→ WHAT THE EXERCISE ASKS
Write out the listing below without alteration, omitting its pictures.

→ SUPPLIED DATA
★ ★ ★ ★ ★ ★ ★
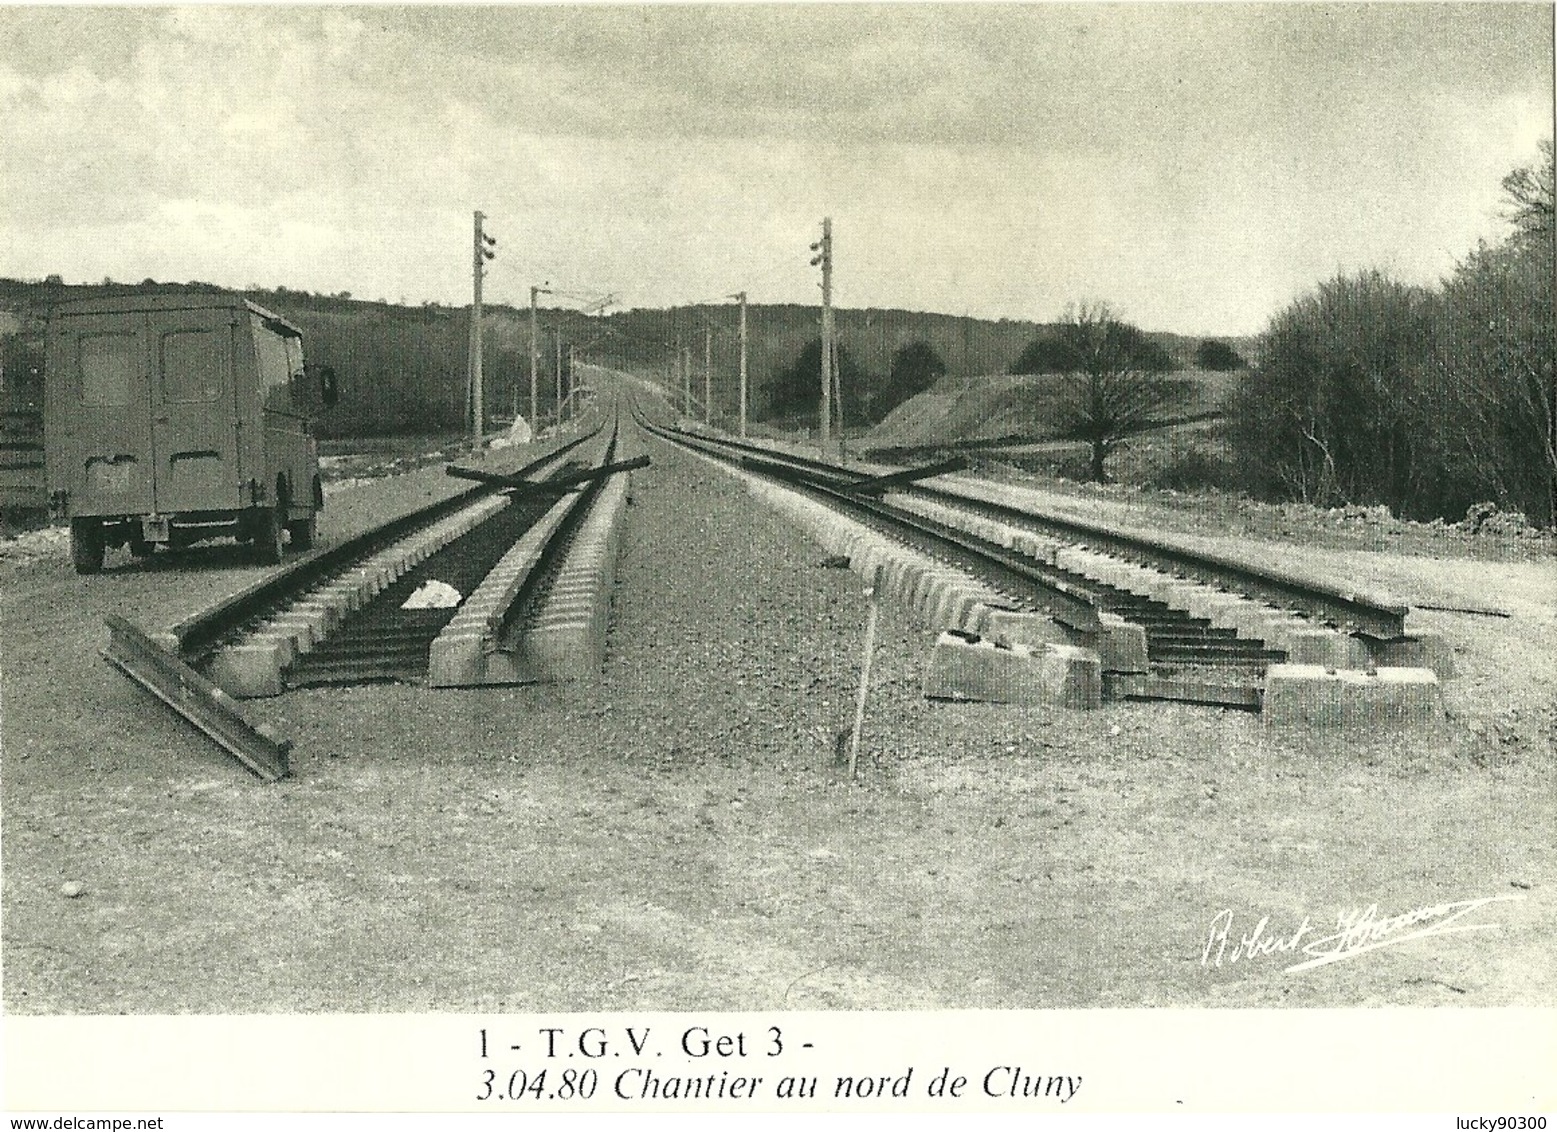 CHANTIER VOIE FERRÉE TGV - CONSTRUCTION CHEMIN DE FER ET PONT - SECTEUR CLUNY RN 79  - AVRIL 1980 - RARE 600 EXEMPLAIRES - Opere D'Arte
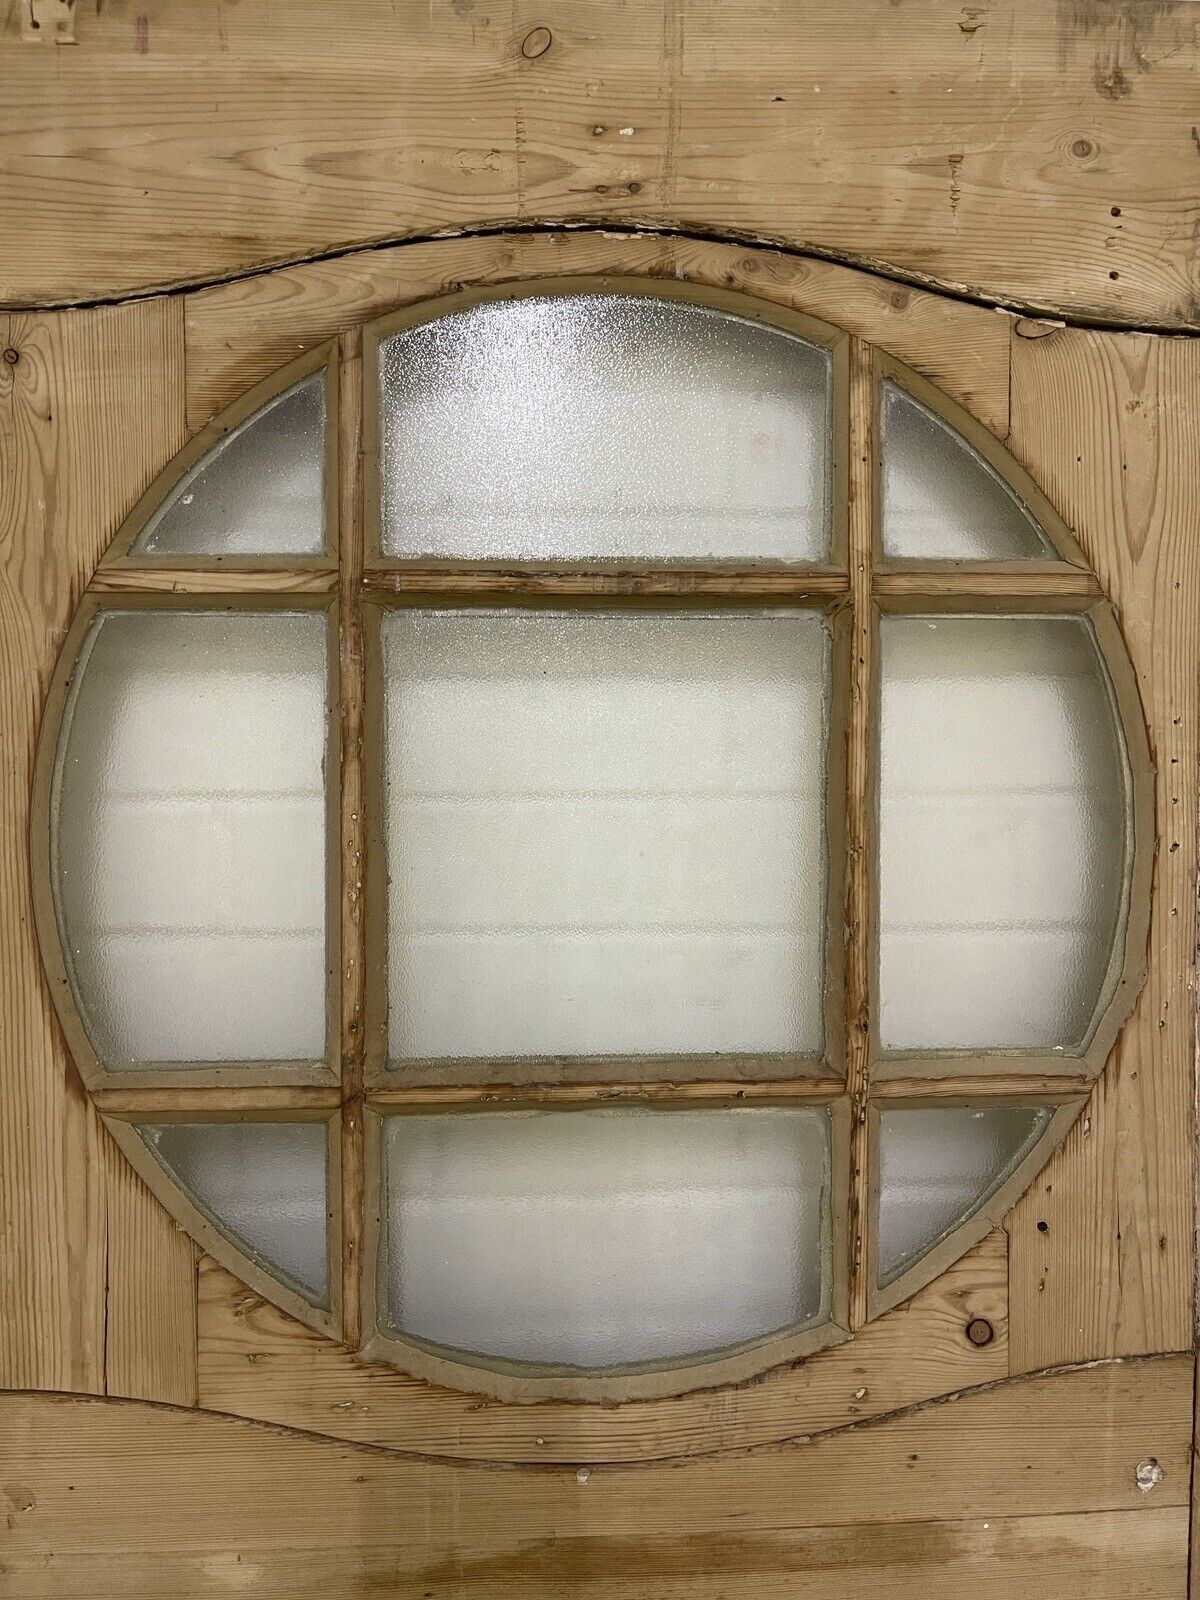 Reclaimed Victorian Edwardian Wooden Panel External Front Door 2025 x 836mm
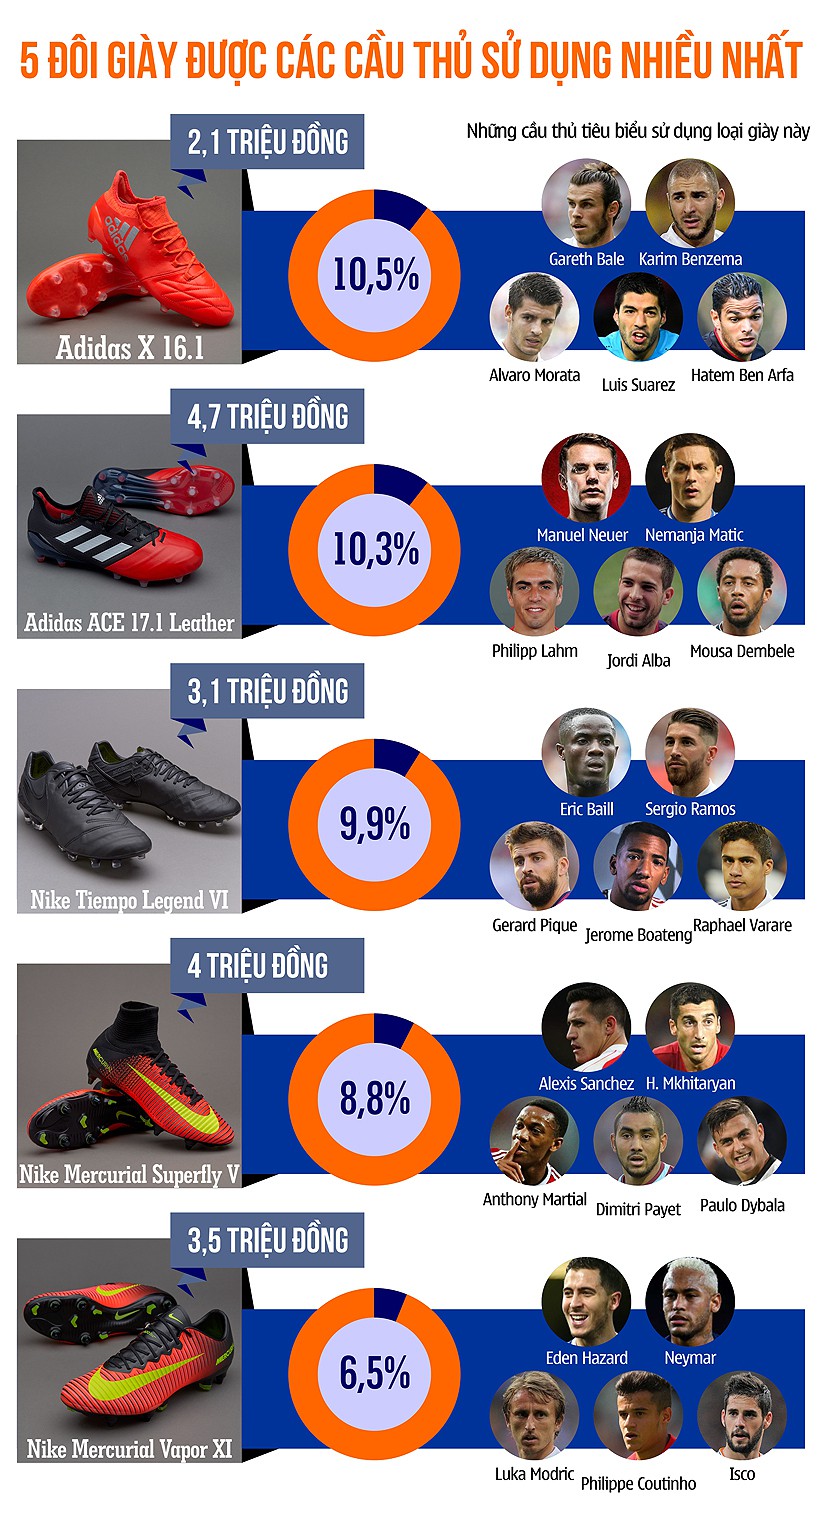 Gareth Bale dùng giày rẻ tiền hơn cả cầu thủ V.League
★ ★ ★ ★ ★ ★ ★
→ SOLUTION BELOW
 CHANTIER VOIE FERRÉE TGV - CONSTRUCTION CHEMIN DE FER ET PONT - SECTEUR CLUNY RN 79  - AVRIL 1980 - RARE 600 EXEMPLAIRES - Opere D'Arte
 Reclaimed Victorian Edwardian Wooden Panel External Front Door 2025 x 836mm
 Gareth Bale dùng giày rẻ tiền hơn cả cầu thủ V.League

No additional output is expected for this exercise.